With the uptick in homelessness, it is likely that some middle-class residents are uncomfortable with being in close proximity with the city’s economic reality. Homeless advocates interviewed sympathize with residents, acknowledging that only two blocks away from the food line are homes.
LaBonge has offered the food coalition a few indoor premises with funding for a year. Members of the food coalition like the idea of an indoor location, but have so far turned down LaBonge’s offers as those solutions presented their own problems.
Sherry Bonanno, a volunteer with the food coalition, said the offered premises were too small. Nearing the end of the month, she said, the food coalition is often serving as many as 200 people, plus they want to expand UCLA’s clinic. Another location that was turned down was even in closer proximity to a neighborhood. One primary obstacle for the food coalition is what to do once the funding runs dry.

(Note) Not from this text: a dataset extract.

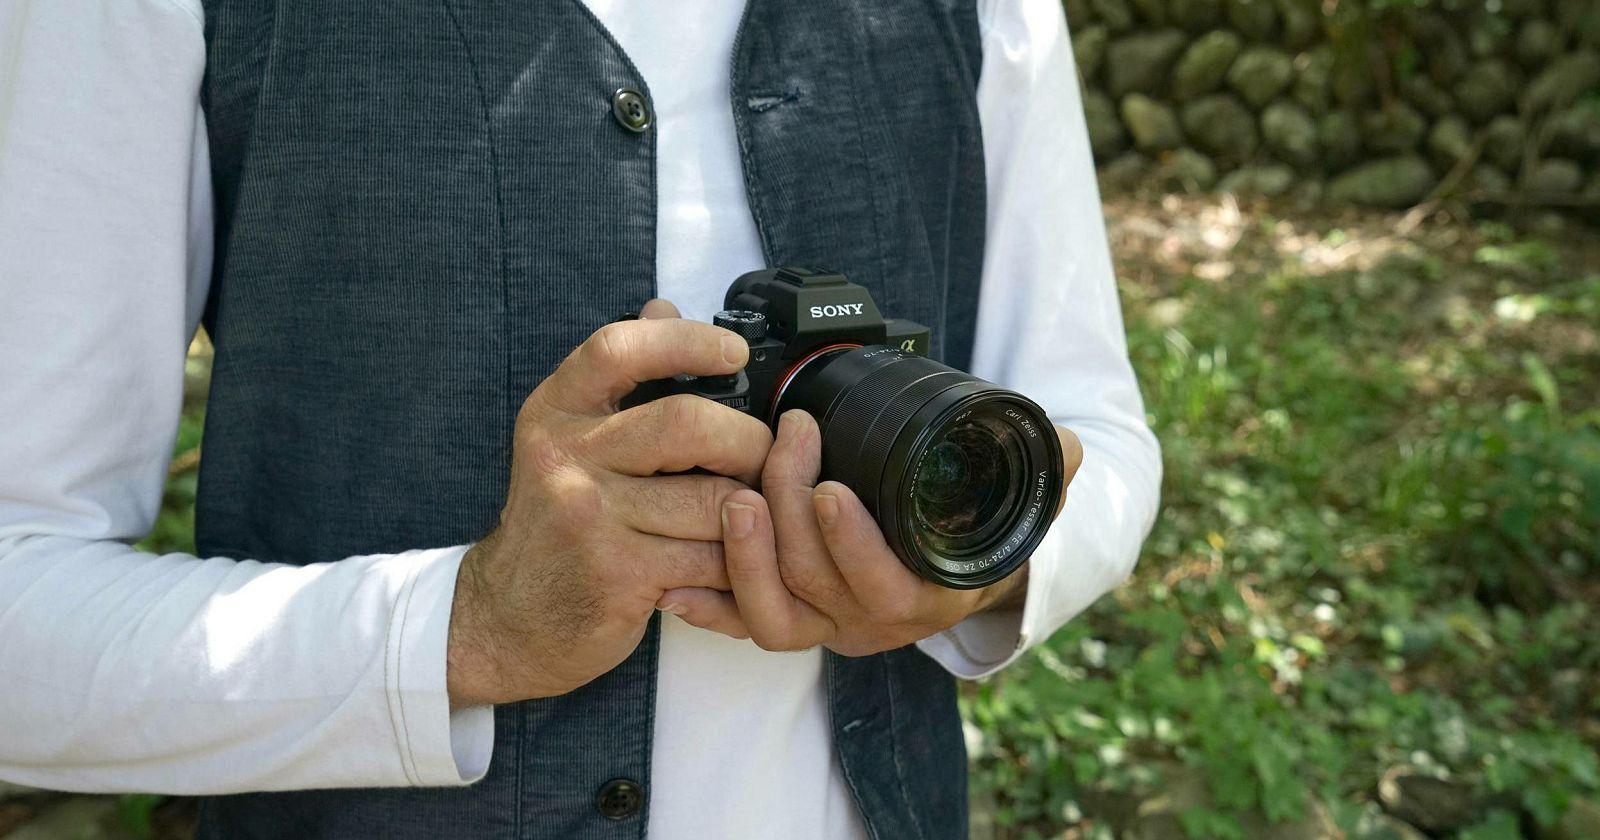 Sony Alpha a7R II Body Mirrorless Digital Camera bezrcalni digitalni  fotoaparat tijelo Full Frame a7RII Mk II 42MP UHD 4K ILCE-7RM2B ILCE7RM2B

The food coalition, said Bonanno, is run by volunteers and receives an insignificant amount of funding on its own.
“For the most part, our donations are private donations that are sporadic throughout the year,” she said. “We do not consistently raise $3,000 to $5,000 a month to pay for a spot.”
Bonanno said the past few months, with its pressure from LaBonge, business groups and neighbors, has been particularly trying for the charity. The food coalition gets its food from restaurants, such as Chipotle. Several of these restaurants have received angry letters from neighbors, causing LaBrea Bakery, which supported the charity for over a decade, to back out and no longer share its bread with the needy.
“There’s been so many nasty emails, so many accusations about us and the people we serve and who they are, just sort of bunching them all together as if they were a huge criminal organization,” she said. “We’ve been scrambling to contact our donors, to make sure they understand we are trying to find a solution and that we still need to feed people every single night. We hope they will stand with us.”
Food lines being under attack is nothing new in LA. Three years ago, a similar campaign, led by business interests and residents in the Skid Row area downtown, managed to shut one food line down and threaten several others. That campaign led to several “right to share food” protests. Homeless advocates argued the right to share food ought to be sacrosanct. They also feel it is protected under the First Amendment’s freedom of assembly clause.
Michael Hubman, who runs Watercorps, a water distribution charity, helped organize the early “right to share food” protests in Skid Row. He said any attempt to shut down food lines would cause hunger city-wide as there are hundreds of small charities that the poor regularly count on for food.
“We’re standing up for people’s right to share food outside in public,” he said. “We carry the moral high-ground on this issue. To abridge the sharing of food is absolutely mean-spirited.”